*** Opening of Data shown ***
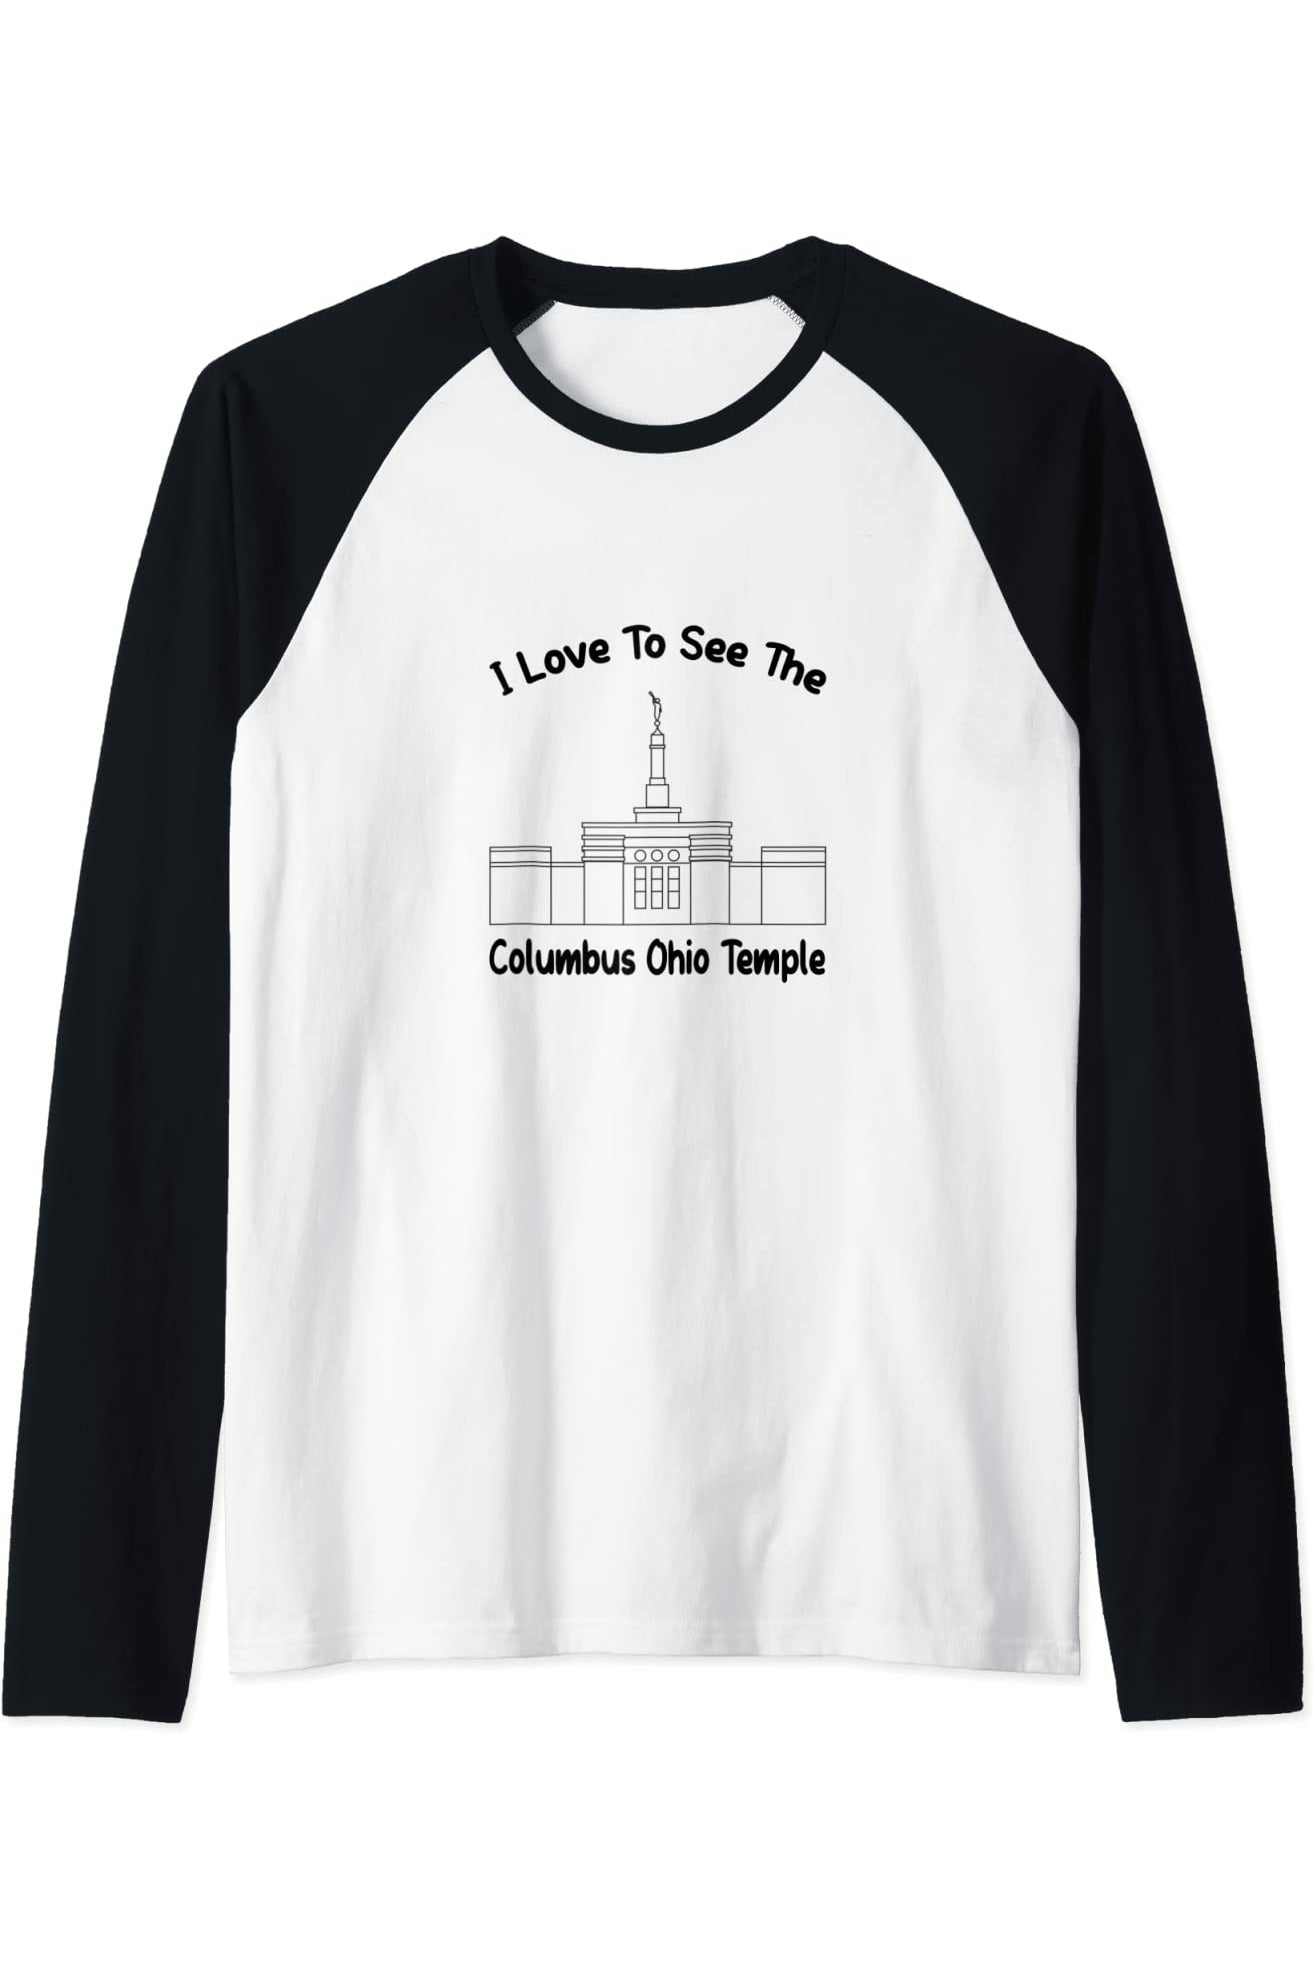 Columbus Ohio Temple Raglan - Primary Style (English) US
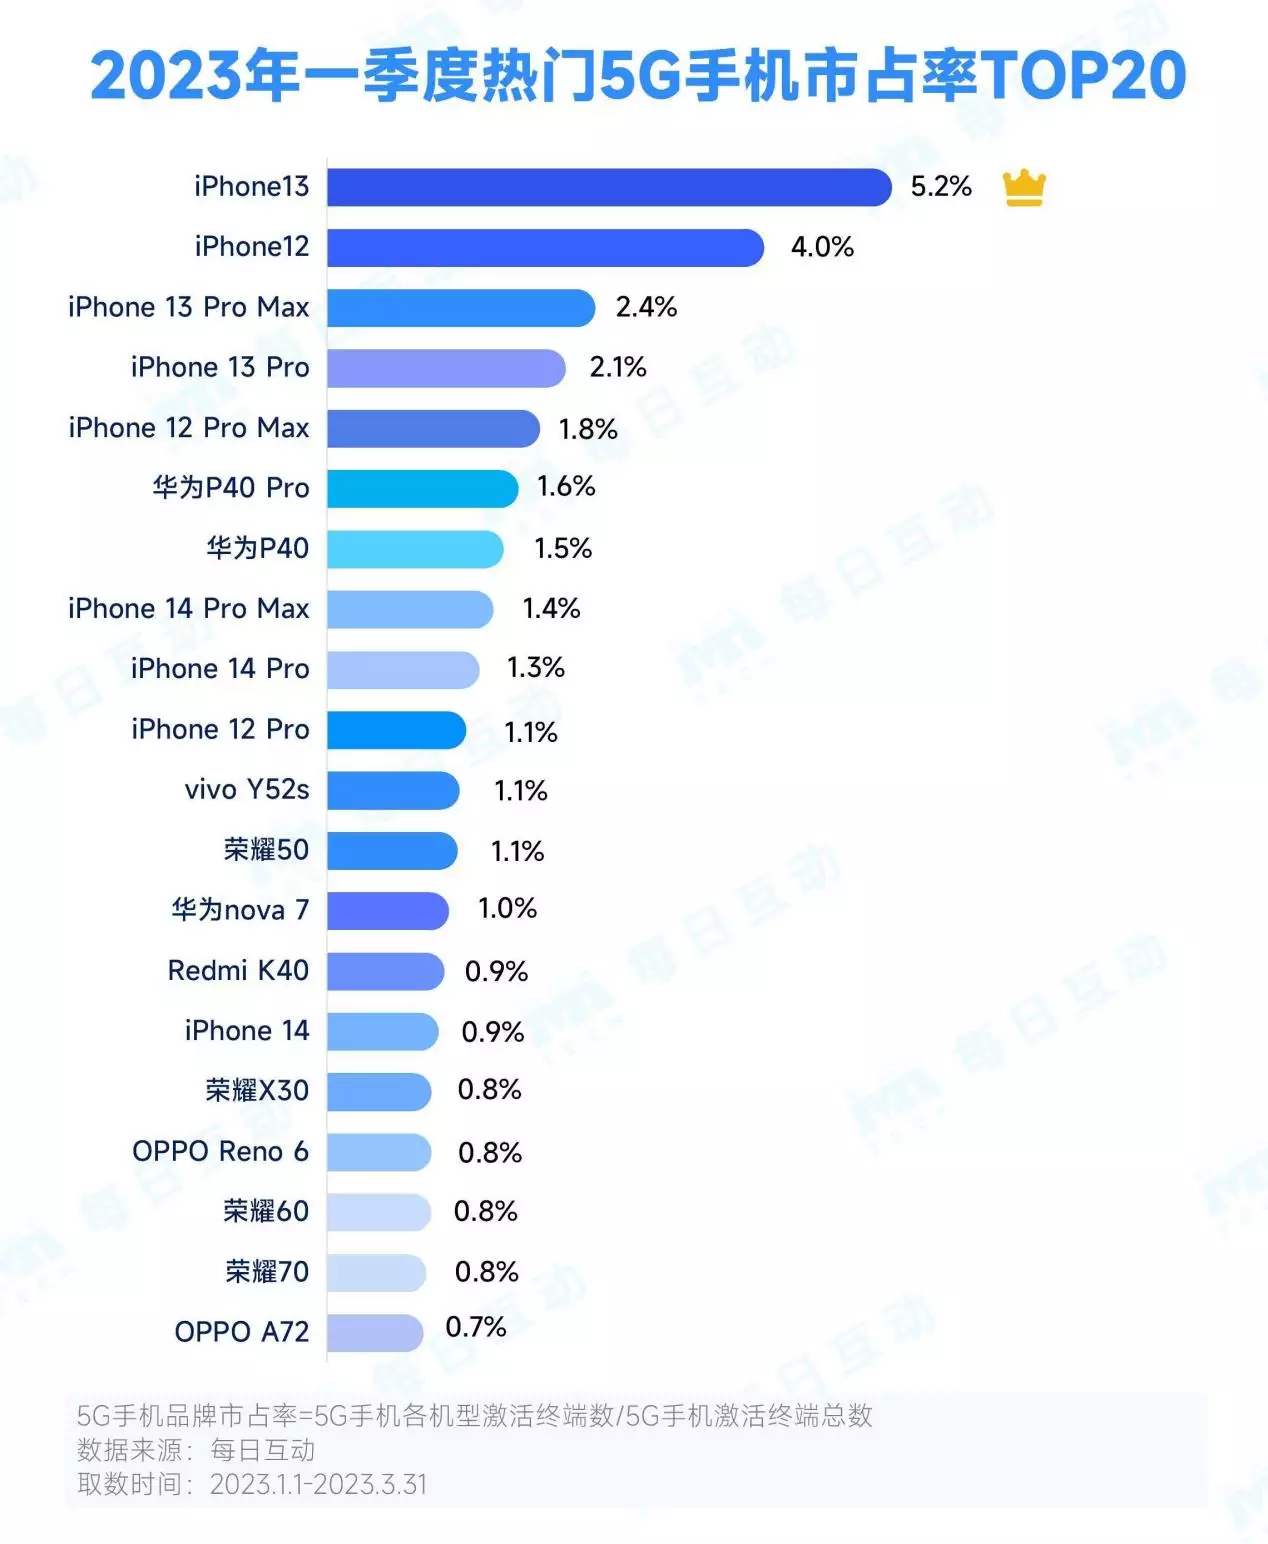 Huawei 5G smartphone 2023
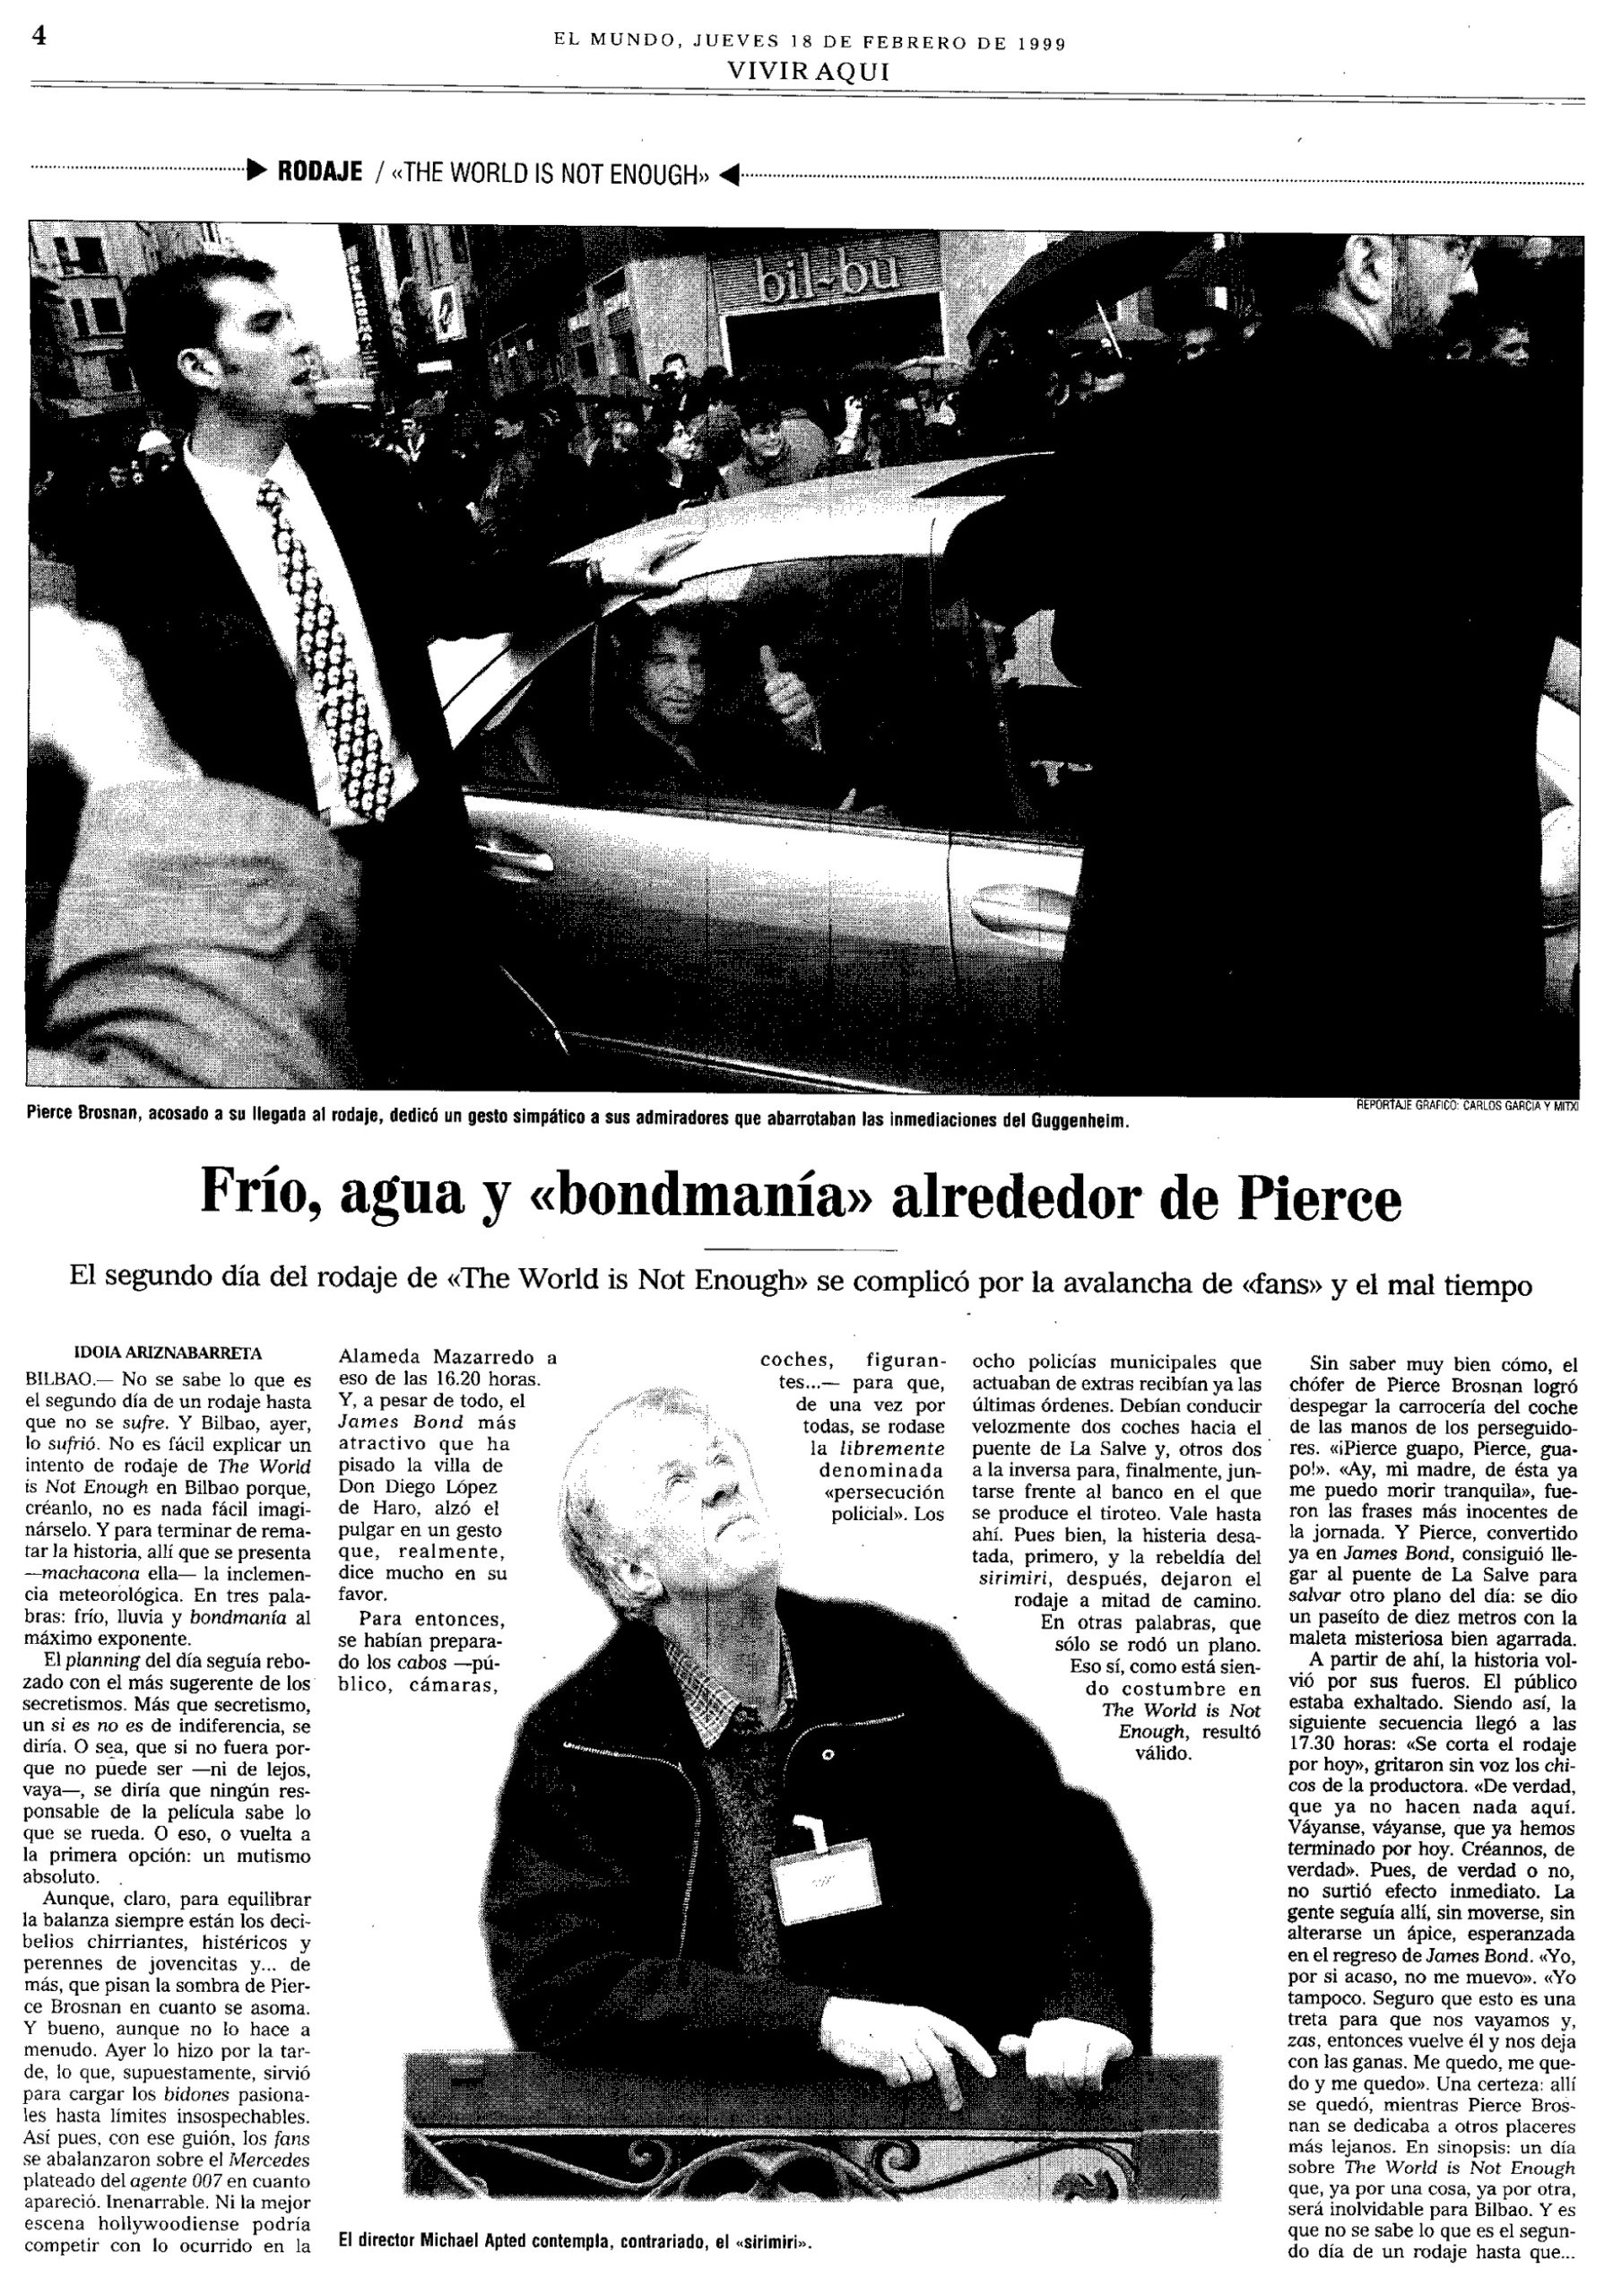 19 1999 02 18 El Mundo Pais Vasco 04 Rodaje Bilbao scaled
*** Close of Data shown ***
■ Exercise
Word-for-word repeat, images excluded: return all the data.

■ Exercise response
 Columbus Ohio Temple Raglan - Primary Style (English) US
 Huawei 5G smartphone 2023
 19 1999 02 18 El Mundo Pais Vasco 04 Rodaje Bilbao scaled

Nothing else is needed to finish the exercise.